"David H. Lipman" wrote:
> > Google DNS hijacking for displaying advertisements.
> >
> > ISP's have been doing this for years.
>
> I use 8.8.8.8 and don't see that.
I didn't say that google was doing that.
I said to use google to do a search to see who is.
One result:
==========
http://en.wikipedia.org/wiki/DNS_hij...lation_by_ISPs
A number of consumer ISPs such as OpenDNS[2], Cablevision's Optimum
Online,[3] Comcast,[4] Time Warner, Cox Communications, RCN,[5]
Rogers,[6] Charter Communications, Verizon, Virgin Media, Frontier
Communications, Bell Sympatico,[7] UPC,[8] T-Online,[9] Optus,[10]
Mediacom,[11], ONO[12] and Bigpond (Telstra)[13][14][15][16] use DNS
hijacking for their own purposes, such as displaying advertisements[17]
or collecting statistics.
===========
The hijack is usually used when a query is made for a non-existant
domain and the DNS server returns a result that points to a server
providing some sort of alternate content - usually containing
advertising - instead of the user seeing a 404 or some other browser
error.
The file-sharing / file-downloading domains that were "hijacked" by the
DOJ/ICE over the past few years are a good example of this (ie-
tvshack.net and many others).
The idea extends to DNS servers that operate in conjunction with content
servers that can generate the web-pages being sought by the user in real
time by accessing the real web page the user was browsing to, with the
intent of replacing in-page advertising with other advertising, or
adding a top or bottom banner ad.
I'm surprised I have to inform this concept to the readers of this
group.
I was wondering why, in this case of operating a white-hat DNS server
for the benefit of thousands or hundreds of thousands of trojanized
PC's, that this technique of injecting a banner-ad wasn't being done.

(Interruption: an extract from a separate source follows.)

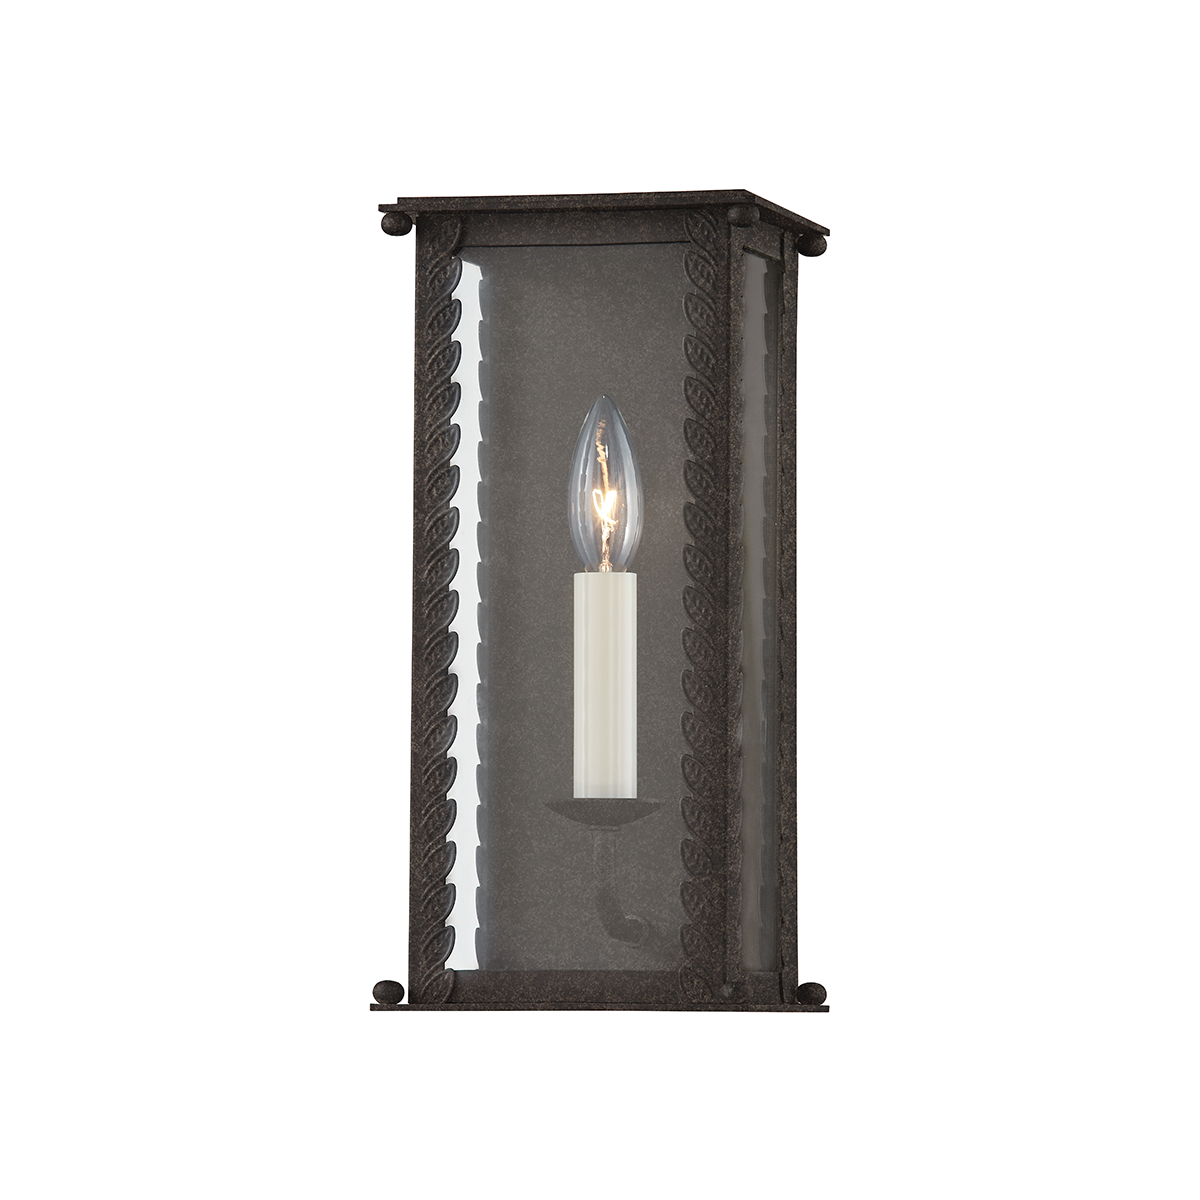 Troy Lighting 1 LIGHT SMALL EXTERIOR WALL SCONCE B6711

This would allow the users of those PC's to see a "friendly message" as
a banner ad on any website they browse to, telling them that their PC or
router has been hacked or trojanized - and how to remedy the situation.
Those users may not believe that they are seeing a benevolent (as
opposed to a malicious) message, but the effect nonetheless would be to
tweak them into thinking that something might be wrong with their system
and to seek out some trusted third-party remedy on their own.